由衣が亜理紗を連れて高校までやってきた週の土曜、修也はいつもの時間に目を覚ましていつもの時間に起き上がった。


「……にしても長谷川の奴……ホントに諦めず毎日来たな……」


修也は今週の亜理紗の行動を思い出して軽くため息を吐く。

あれから亜理紗は自分で宣言した通り、全く諦める気配すら見せず塔次になぞなぞ勝負を挑んできたのだ。

とある日は……


『トラックの荷台にスイカ・カボチャ・トマトが乗っています。急ブレーキで落ちたのは?』

『スピードだな』

『うっ! これも迷い無く即答ですか!?』

『では俺の番だな。500円持って250円のスイカと120円のカボチャと100円のトマトを買ったが釣りが貰えなかった。何故か?』

『えっ……合計470円なのに? ……店員が計算を間違えたとかですか?』

『そんなわけあるか。釣りが出ないように金を出したからに決まっているだろう。俺は500円玉とは言ってないぞ』

『……あっ!? 合計500円持ってたってことですか!』


また別の日には……


『太郎君は風邪を引いたので病院へ行きました。途中牛がモーと鳴いて蝶がひらひらと舞っていました。さて、太郎君の病名は?』

『風邪だろう? 最初にそう言ったではないか』

『うぐぅっ!? これも引っかからないなんて……!』

『では俺の番だ。2束と3束の花束を合わせたら何束になる?』

『そんなの5束に決まってるじゃないですか!』

『不正解だ。正解は1束。全部一纏めにするのだからそうなるのは明白だろう』

『あああぁぁぁっ!? し、しまったあああぁぁぁ!!』


……とまぁこのようにもれなく全て返り討ちに遭っているわけだが。


「あの諦めの悪さとメンタルの強さはある意味評価に値するが、もっと他の所で使えば良いのに……」


無駄に根性のある亜理紗の行動に少々呆れ気味の修也。

まぁ修也自身に何か影響がある訳でもないので必要以上に介入する気は無いし放っておいても何も問題は無い。

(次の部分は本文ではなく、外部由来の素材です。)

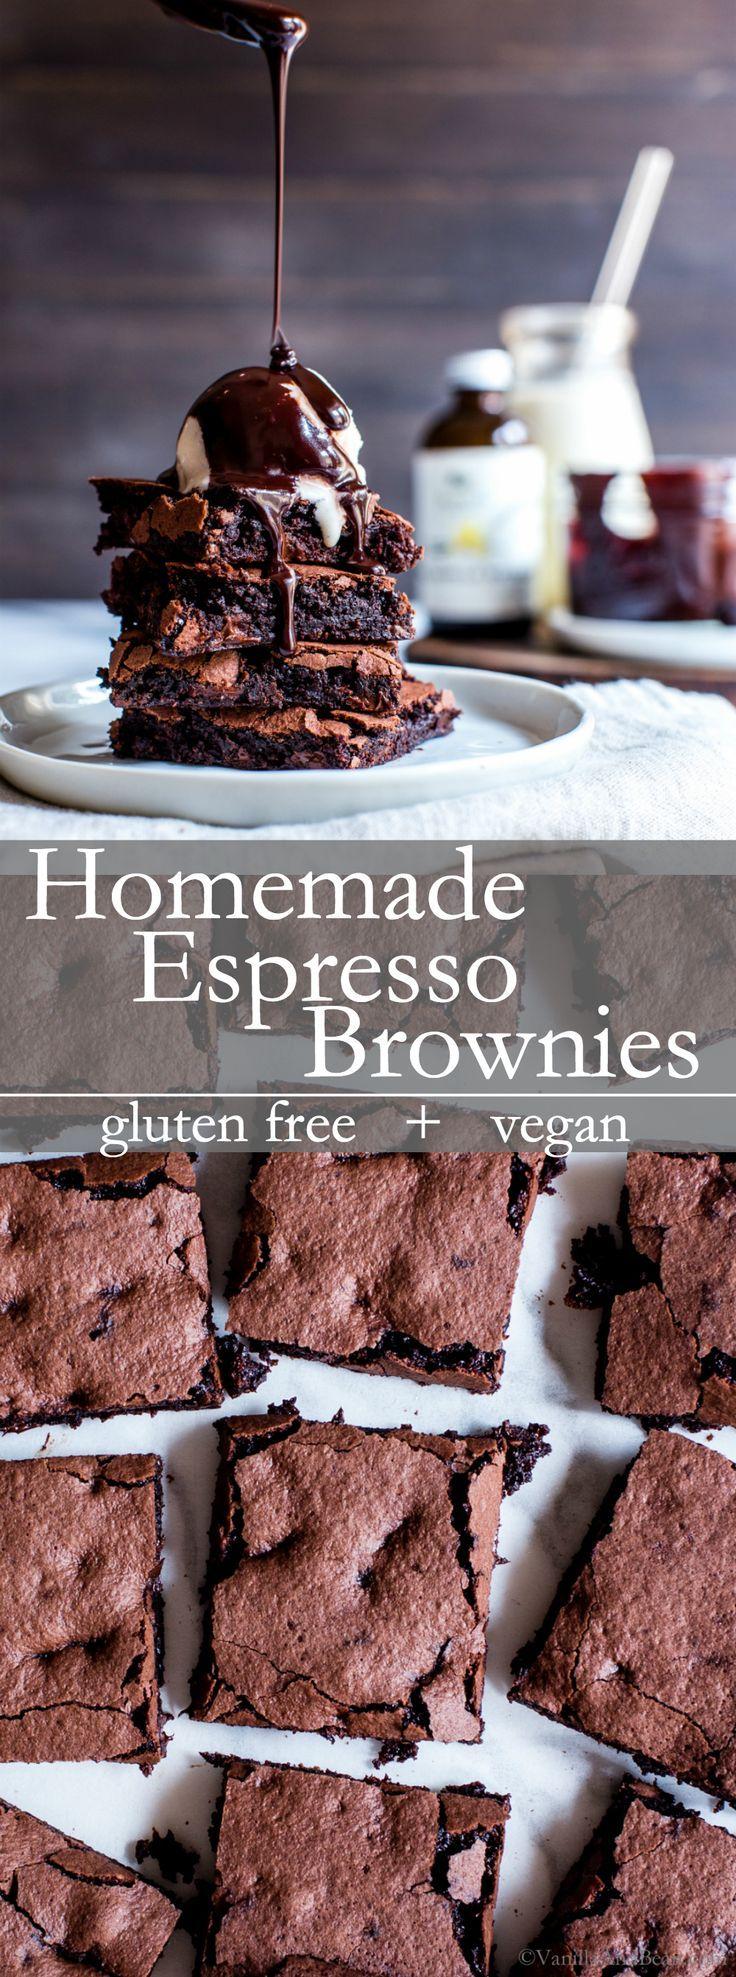 Mini Peach Pie Recipe Vegan Foods Espresso Brownies Brownie

なので修也はこの件に関しては傍観を決め込むことにする。


「……さて、今日は土曜日だから蒼芽ちゃんはまだ寝てるかな。先に朝飯食ってから蒼芽ちゃんを起こして……」




こんこん




『修也さーん、起きてますか?』


気を取り直して今日のこれからの行動を修也が確認していると、ドアのノックと共に蒼芽の声が部屋の外から聞こえてきた。


「……あれ?」


休日の朝なのに蒼芽がいつもの時間に起こしに来るという普段とは違う現象に修也は首を傾げるのであった。


『……あれ? 修也さーん、まだ寝てますかー?』


修也の反応が無いことを不思議に思ったのか、蒼芽が再びドアをノックして声をかけてきた。


「ああいや……起きてる、起きてるぞ」


蒼芽の呼びかけに返事をして修也はドアを開ける。


「あ、起きてたんですね。おはようございます修也さん」

「おはよう蒼芽ちゃん。今日はどうしたんだ? 土曜日なのにいつもの時間に起こしに来るなんて」


修也の疑問ももっともだ。

蒼芽は学校のある平日は早起きなのだが、週末の土日は起きるのが遅い。

とは言え1時間程度の違いなのでそこまで大幅にズレるわけでもないのだが、それでも今はまだ寝ている時間のはずだ。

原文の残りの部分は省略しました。